Zaxx, on 20 July 2017 - 03:15 AM, said:
Sure but reverse-engineering is generally legal
You are ignorant of reality. Read this:
Hendricks266, on 25 June 2016 - 09:13 AM, said:
deuxsonic, on 25 June 2016 - 05:53 AM, said:
Reverse-engineering something for the purposes of compatibility is legal I believe so I think you're okay. Good luck.
For compatibility or interoperability, yes. But keep in mind that
the act of reverse engineering is not the same as
distributing the copyrighted result. Your printer example is totally irrelevant.
Zaxx, on 20 July 2017 - 03:15 AM, said:
That's what I call camaraderie.

Anyway joking aside I don't think it matters as now it's obfuscated and it would need a certain amount of caring from Atari to get to the bottom of it. An amount they clearly don't have.

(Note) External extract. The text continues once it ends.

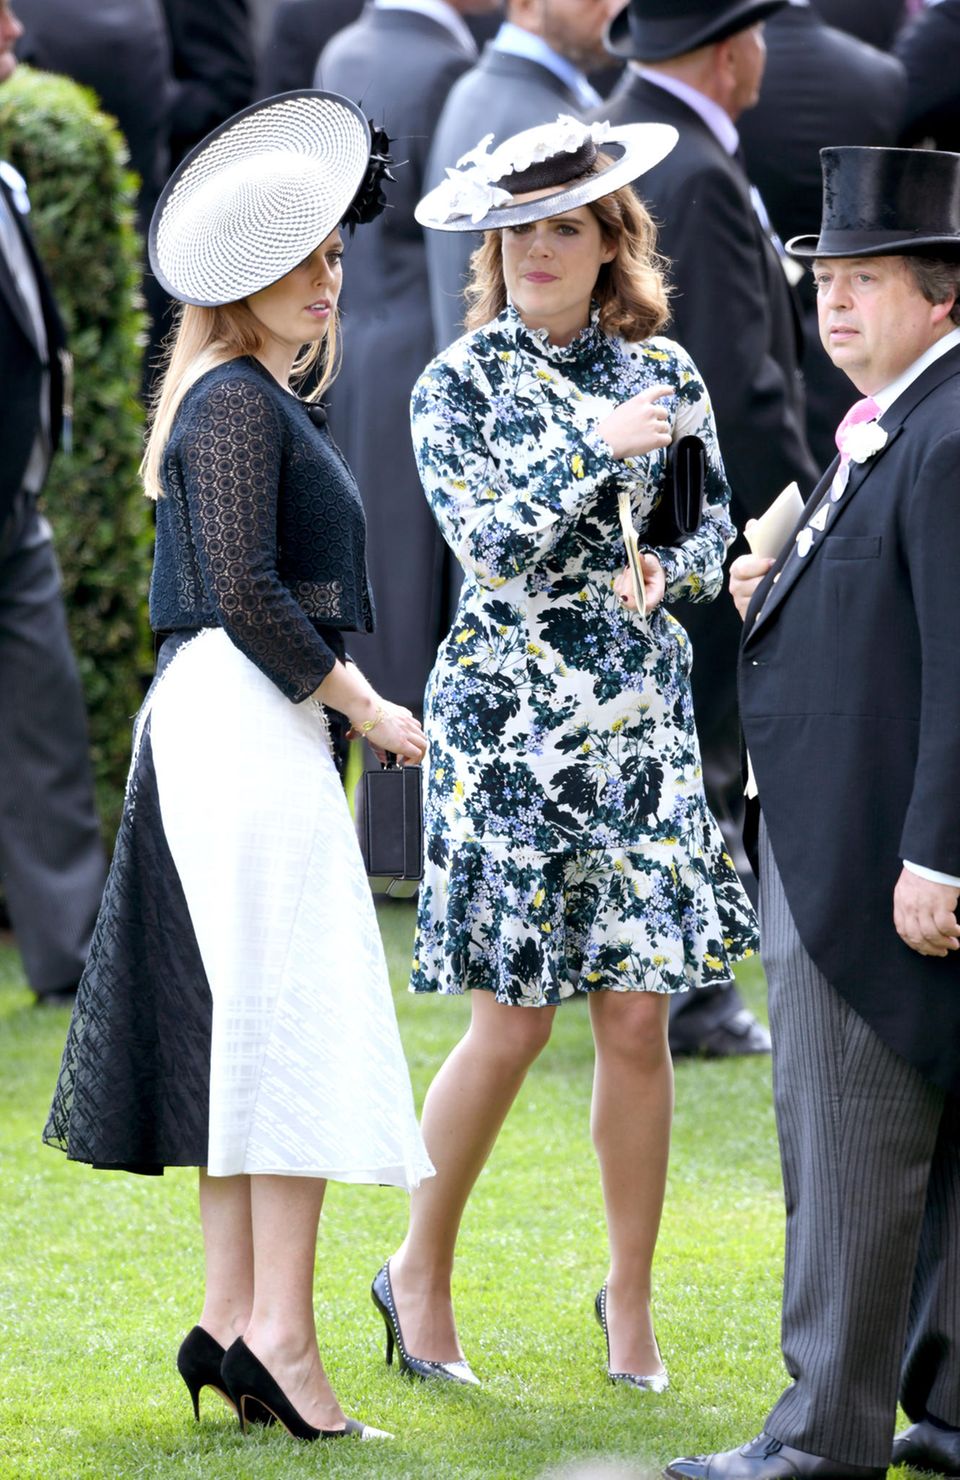 Gleiche Outfits der Royals: Prinzessin Eugenie mit Hut

BloodGDX Internet Defense Force pls go.
fgsfds, on 20 July 2017 - 03:53 AM, said:
It says exactly this.
Quote
You may not decompile, modify
reverse engineer, disassemble or otherwise reproduce the Software except
as expressly allowed by us.
EULAs are unenforceable. However, what it says does not matter: distributing reverse-engineered material is
still copyright infringement due to how copyright works.
Zaxx, on 20 July 2017 - 04:18 AM, said:
That's from the GOG version, BloodGDX is not based on that one. M210 basically needs two things:
- an original 1.0 copy (we don't know if he has one)
- the EULA that came with the original 1.0 version to not say a thing about reverse engineering (I've not seen that one so I don't know what it says)
You are incredibly wrong. Take a moment to sit your ass down and quit talking about things you know nothing about.